SOURCE INFORMATION:
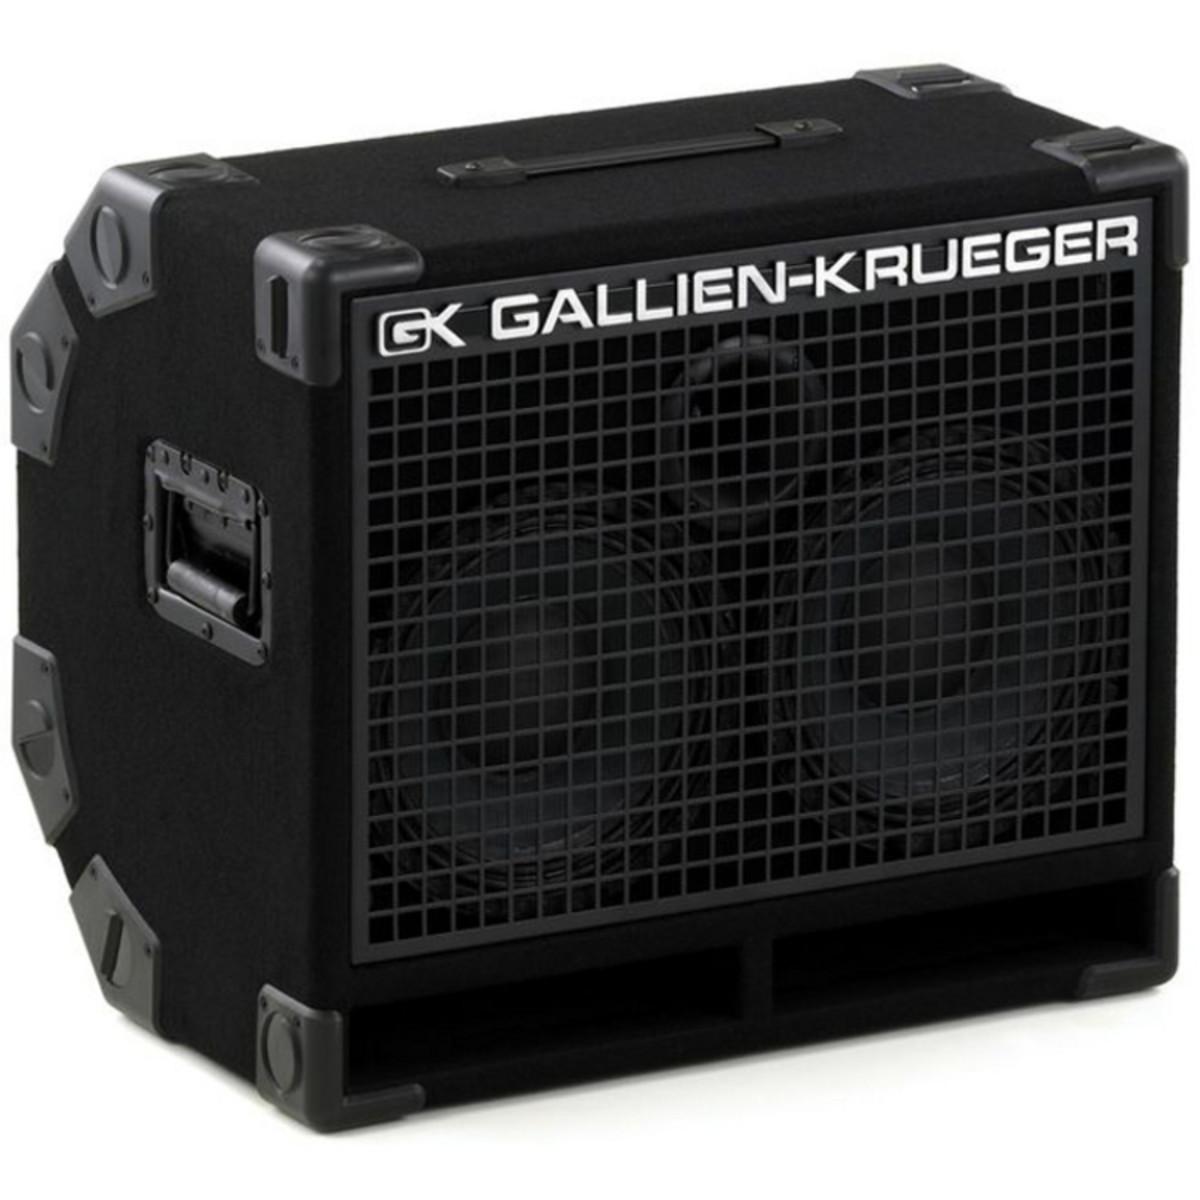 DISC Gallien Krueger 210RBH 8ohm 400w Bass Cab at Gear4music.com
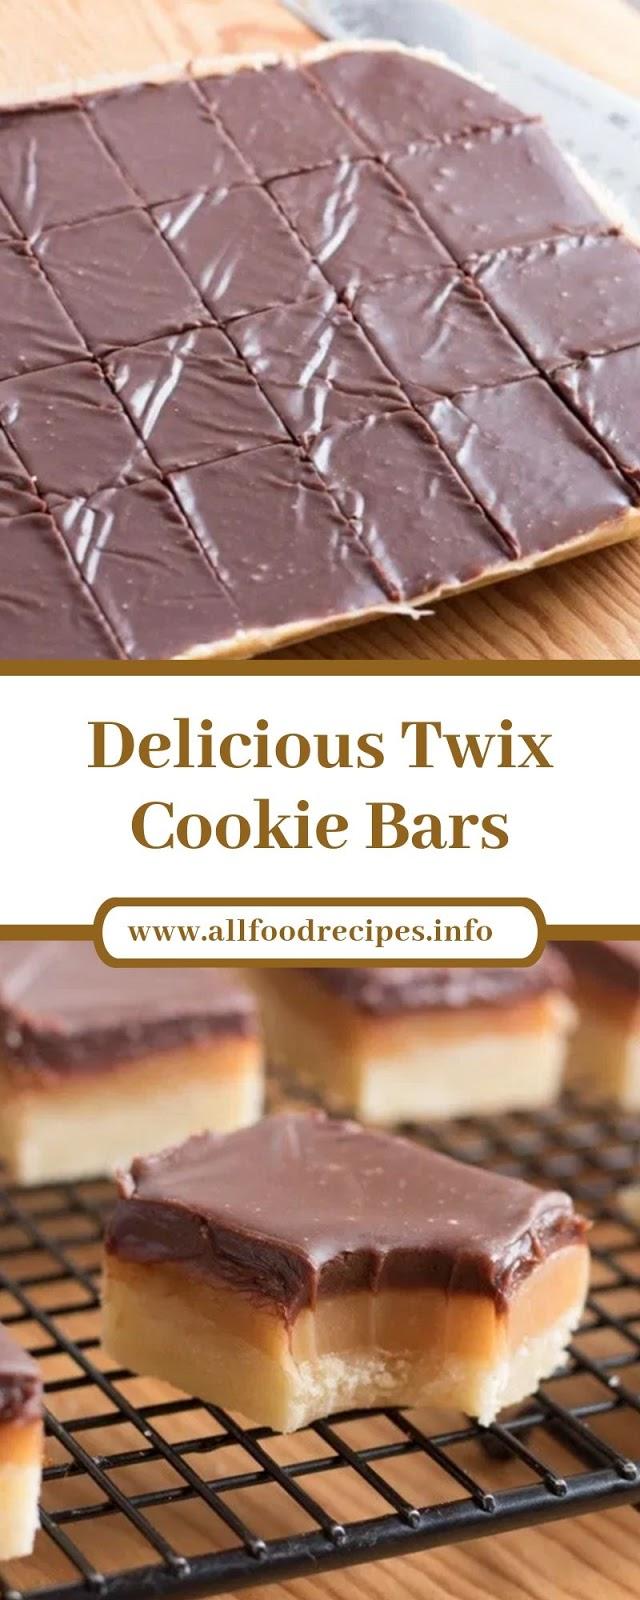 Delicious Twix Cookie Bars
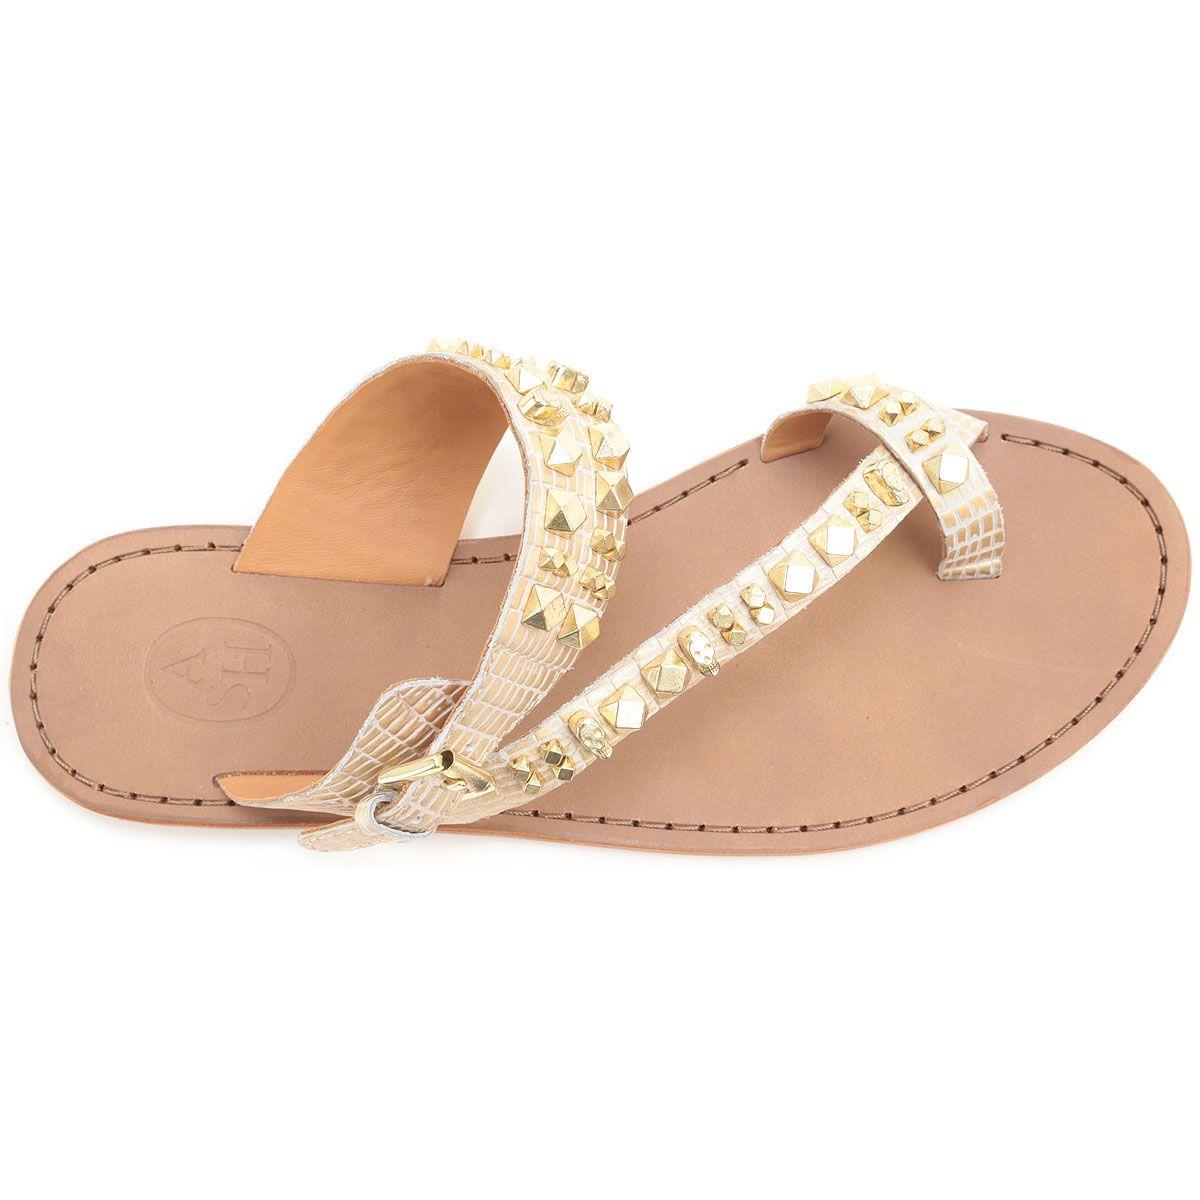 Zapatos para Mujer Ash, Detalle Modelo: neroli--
--
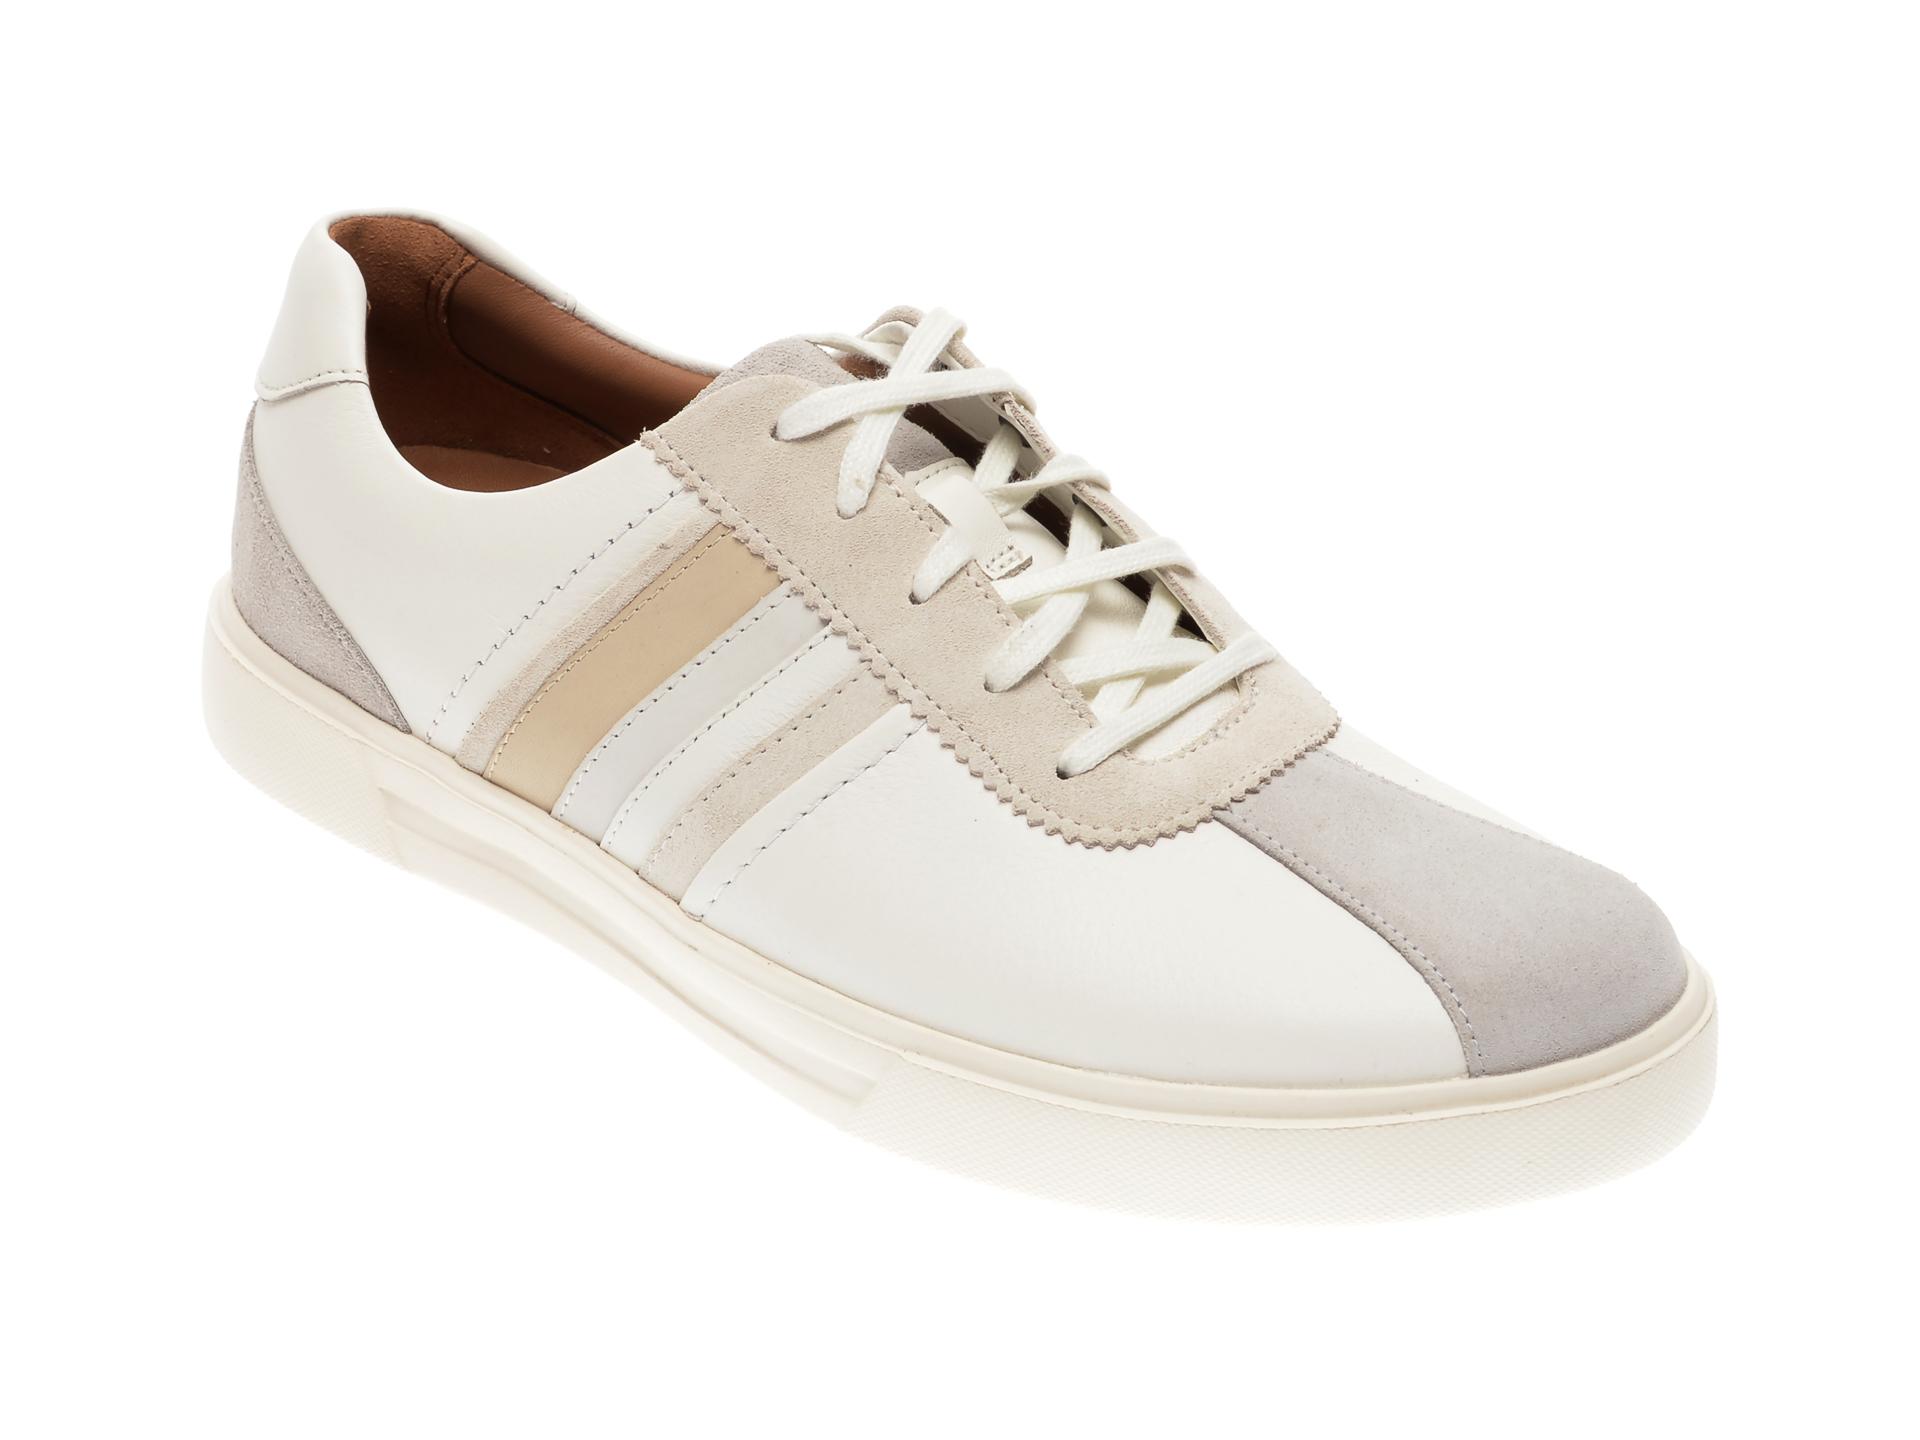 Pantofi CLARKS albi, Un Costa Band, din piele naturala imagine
==
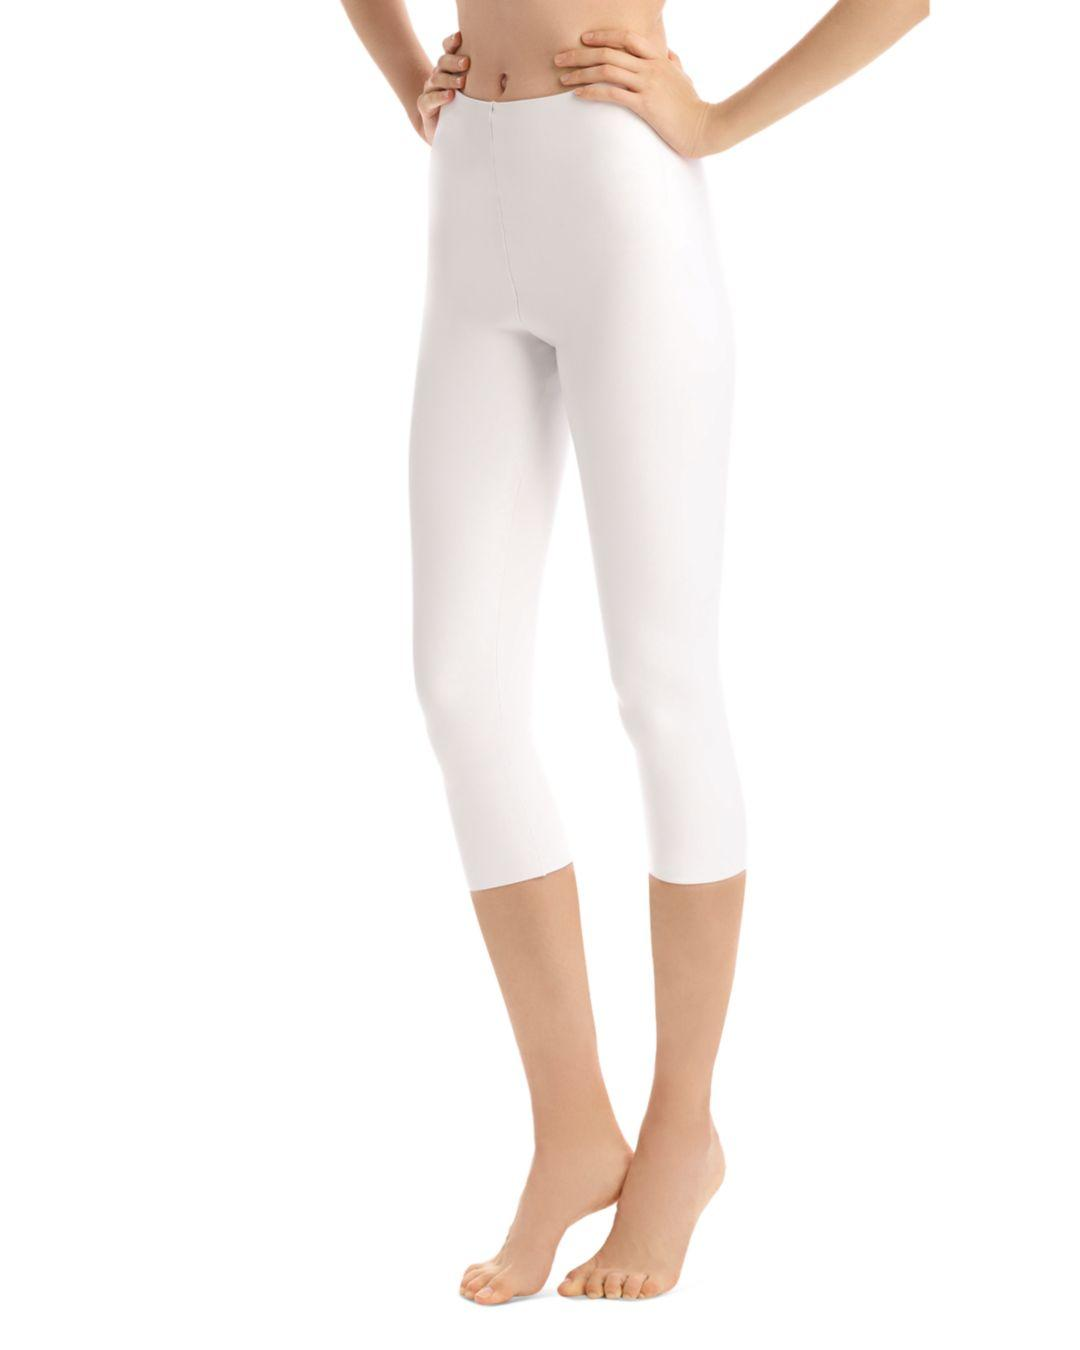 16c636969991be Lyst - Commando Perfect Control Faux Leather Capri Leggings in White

WHAT IS NEEDED:
From the records above, transcribe exactly the lines starting at the one containing "Delicious Twix Cookie Bars" and ending at the one containing "Zapatos para Mujer". Skip the pictures.

TASK OUTPUT:
 Delicious Twix Cookie Bars
 Zapatos para Mujer Ash, Detalle Modelo: neroli--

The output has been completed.